James tried not to laugh at her rage. "'Tempt not too much the hatred of my spirit, for I am sick when I do look on thee.'"

"'And I am sick when I look not on you.'"

"'You do impeach your modesty too much, to leave the city, and commit yourself into the hands of one who loves you not; to trust the opportunity of night and the ill counsel of a desert place with the rich worth of your virginity.'"
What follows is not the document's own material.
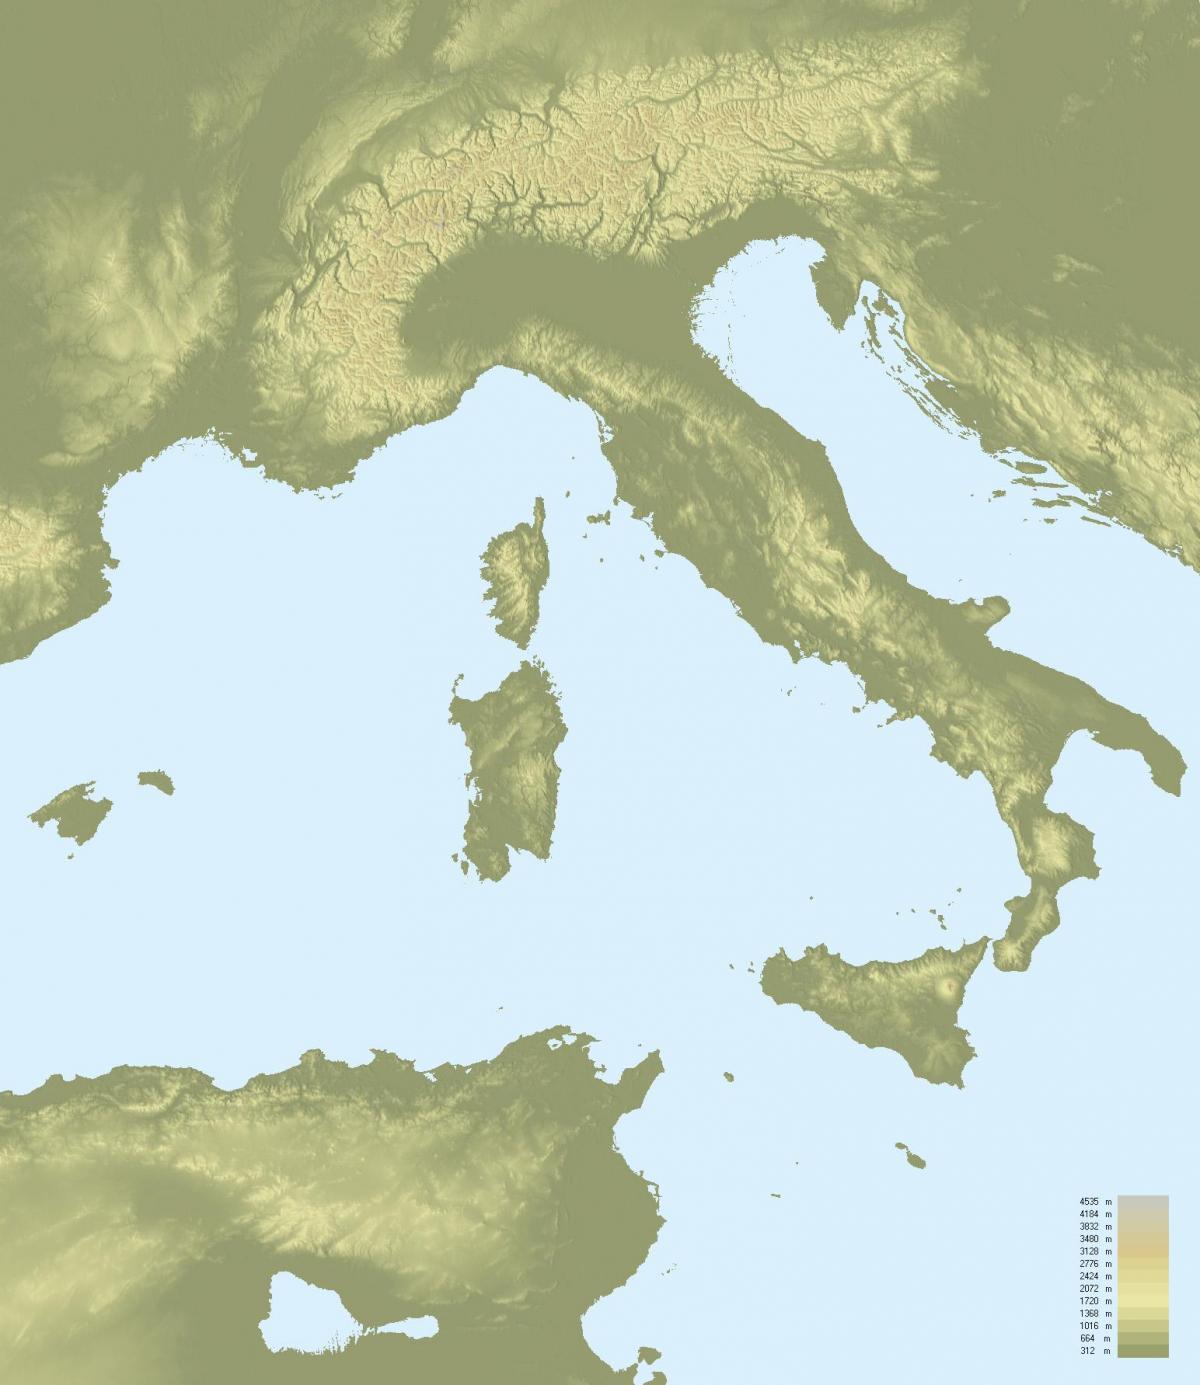 Topographical map of Italy

At this Dora's anger vanished, replaced by confusion and embarrassment. When had she sat down next to James? And why were they so close? She could see irregularities in the parchment texture of his skin. His eyes seemed to envelop her. She quickly looked down at the book spread across both of their knees. His hand and hers were mirrored on the pages. His was large-boned and callused, hers was small and pale and defenseless-looking. Dora's gaze traveled farther down, then back up again, following the trajectory of their thighs. If they were half an inch closer, she calculated, their knees would touch.

She stood up. The book clattered to the forest floor. She didn't notice. She couldn't be here- she couldn't, she couldn't. She couldn't be out in the woods at night, alone with a fire and James. She should never have come. She needed to go home. Back to Green Gables, back to her little white bed, the lull of crickets and safety and boredom.

She spun away and started walking. She tripped. She cursed herself for forgetting the limitations of her dress as her face sank to the dirt.

Hands gripped her forearms just as her nose was about to touch mud.

James pulled her up. She leaned back against him. Her frizzy hair tickled the naked trapezoid of his chest. Her eyelids sank as she was overwhelmed by his scent, musky and exotic as though infused with a rare spice, and both of them knew that she was not going anywhere.